BEGIN Available data
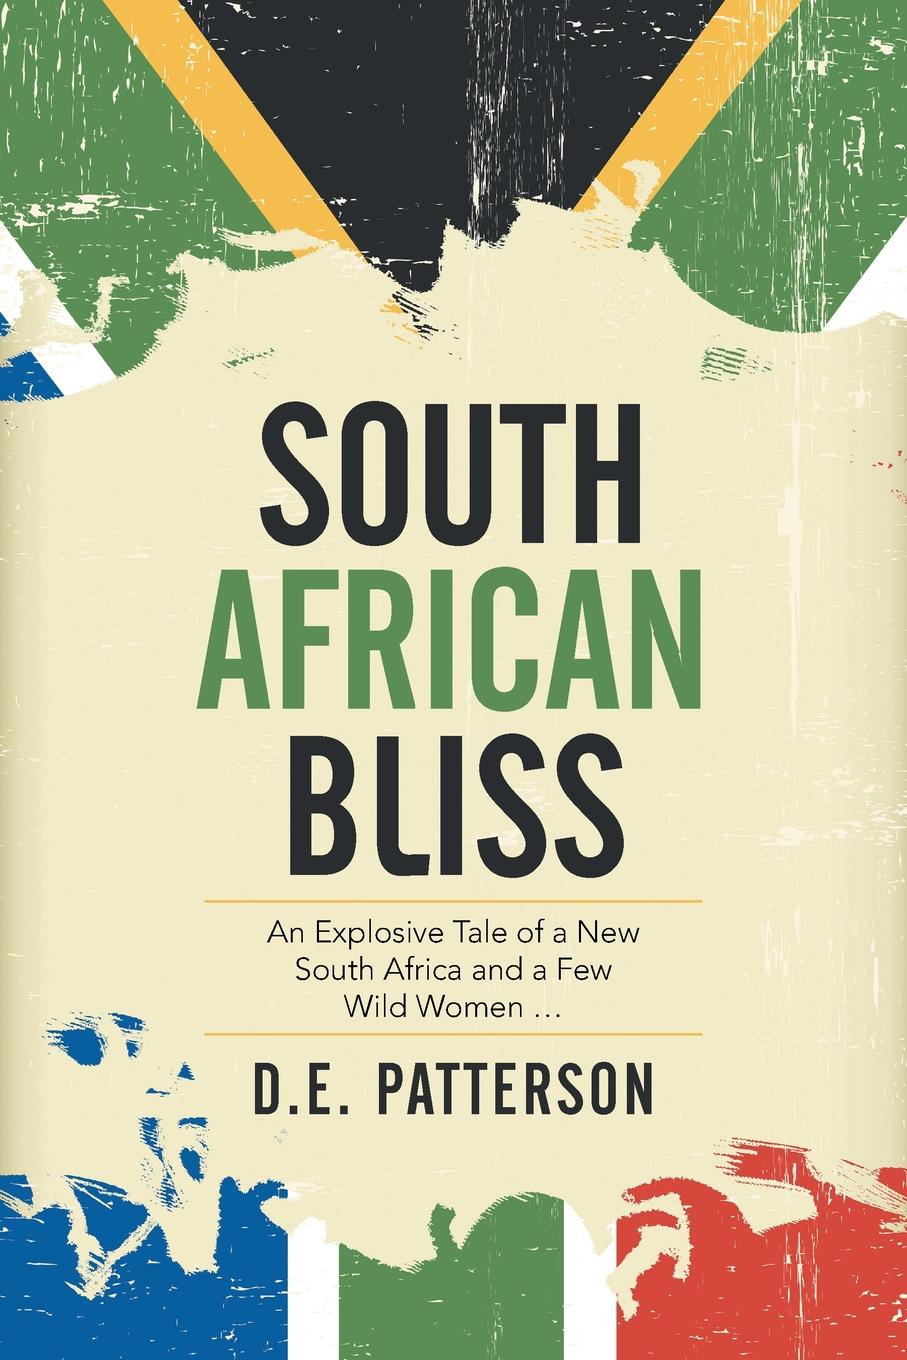 South African Bliss. An Explosive Tale of a New South Africa and a Few Wild Women ...
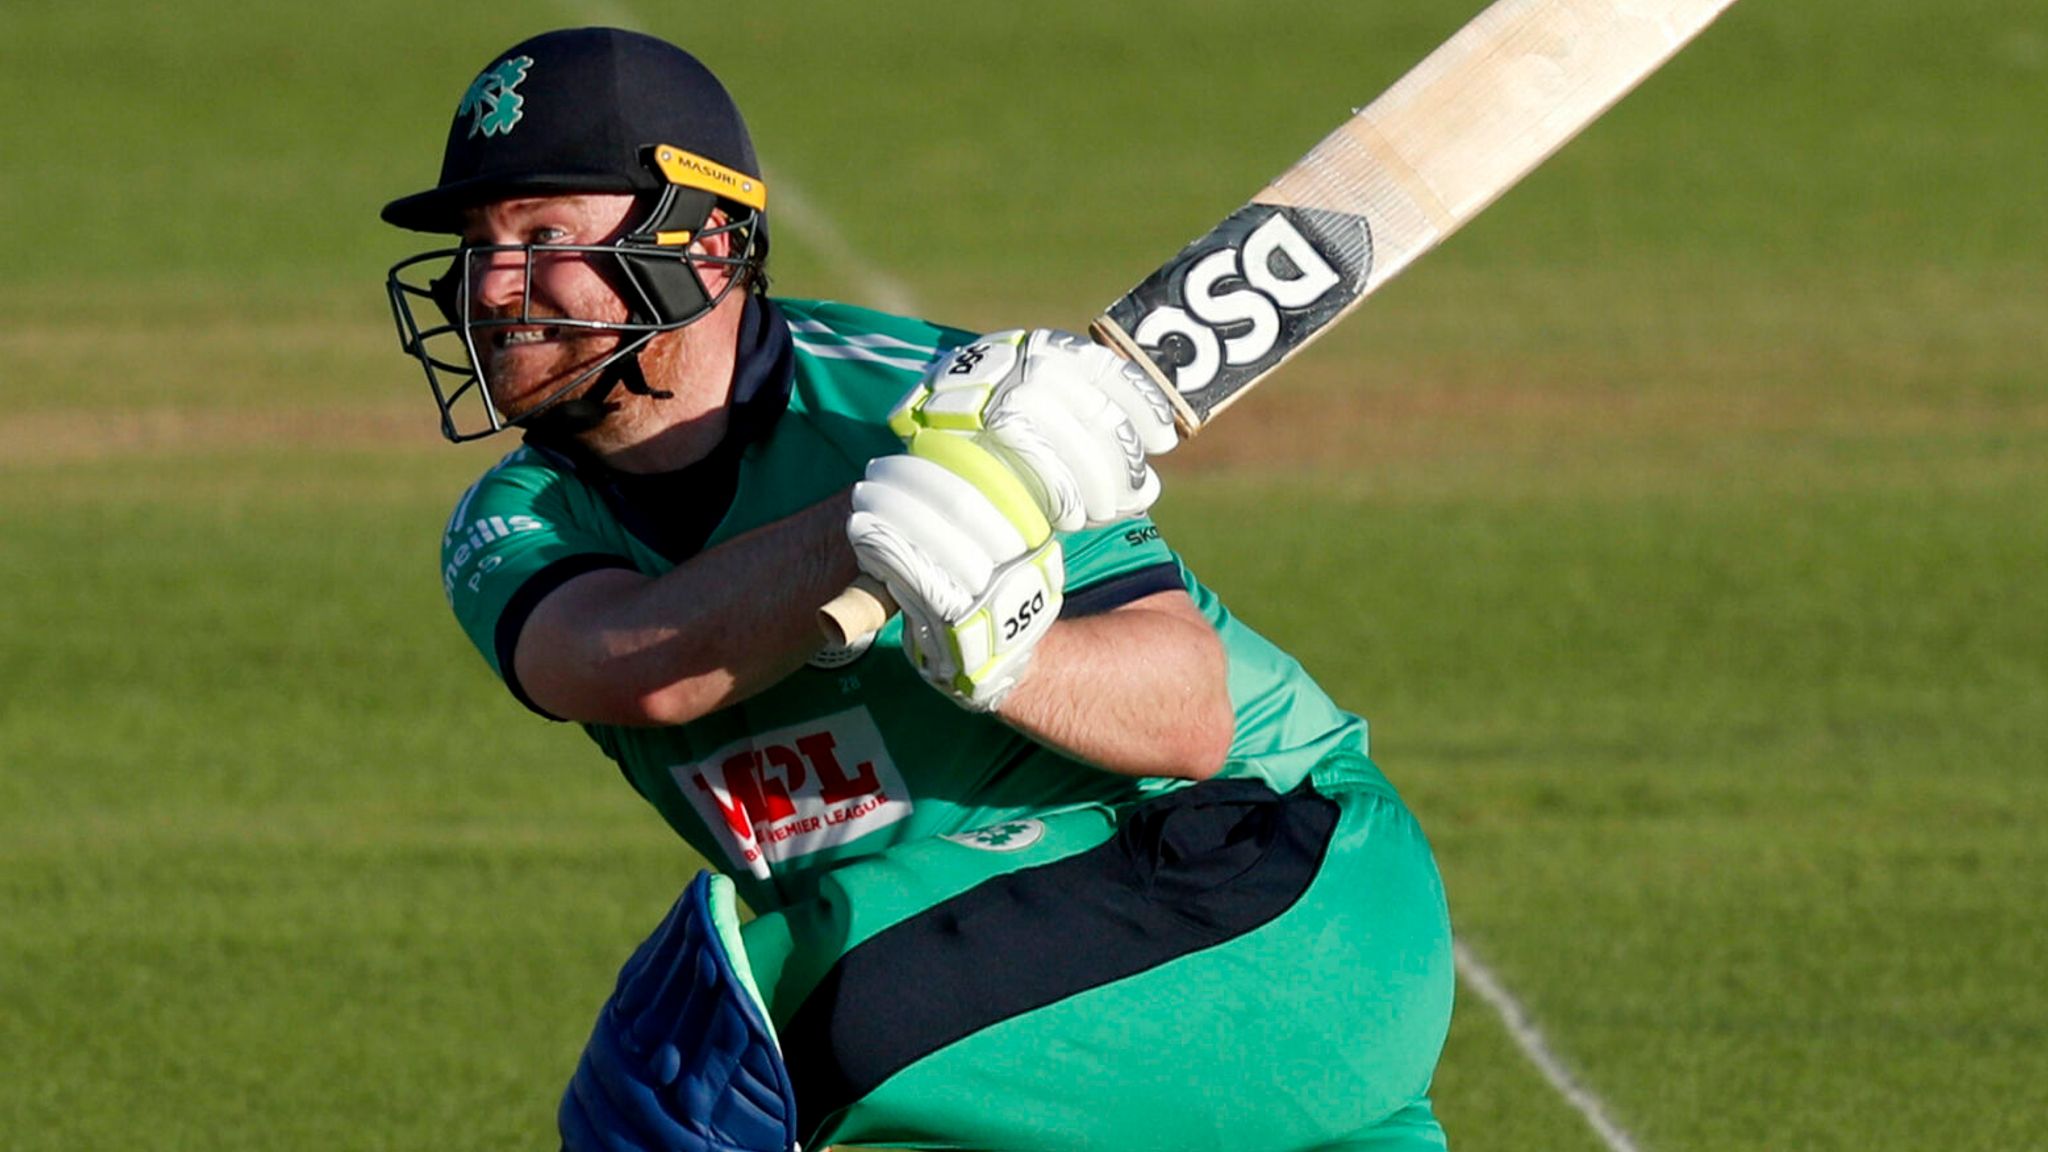 Paul Stirling&#39;s 11th ODI hundred in vain for Ireland as Afghanistan take unassailable 2-0 lead in series | Cricket News | Sky Sports
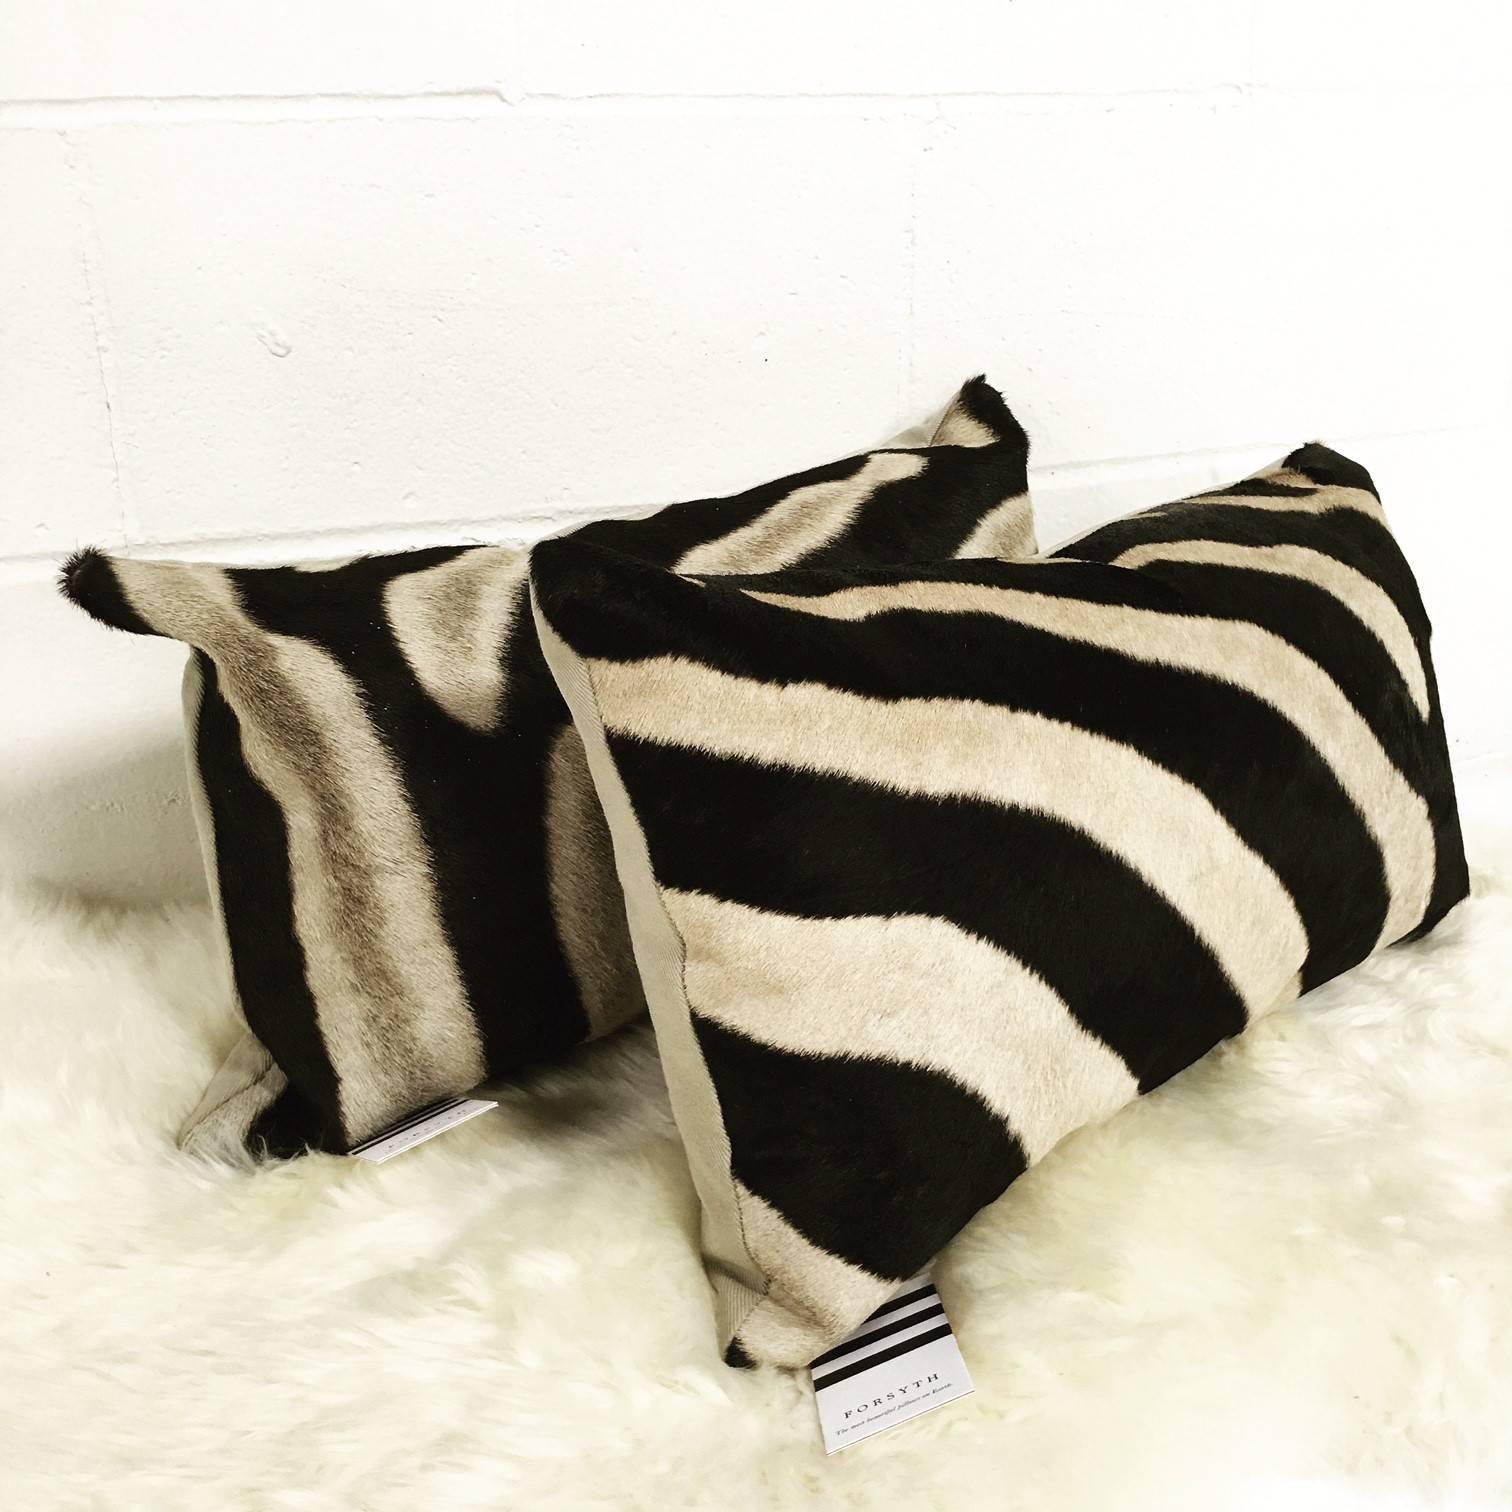 Forsyth zebra hide pillows are simply the best. The most beautiful hides are selected and hand-cut, hand-stitched and hand stuffed with the finest goose down. Each step is meticulously curated by Saint Louis based Forsyth artisans. Every pillow is a
END Available data
Problem details: What is needed is an exact transcription of the lines from the one holding "Paul Stirling&#39;s 11th" to the end of the data, with every picture left out.

Task result:
 Paul Stirling&#39;s 11th ODI hundred in vain for Ireland as Afghanistan take unassailable 2-0 lead in series | Cricket News | Sky Sports
 Forsyth zebra hide pillows are simply the best. The most beautiful hides are selected and hand-cut, hand-stitched and hand stuffed with the finest goose down. Each step is meticulously curated by Saint Louis based Forsyth artisans. Every pillow is a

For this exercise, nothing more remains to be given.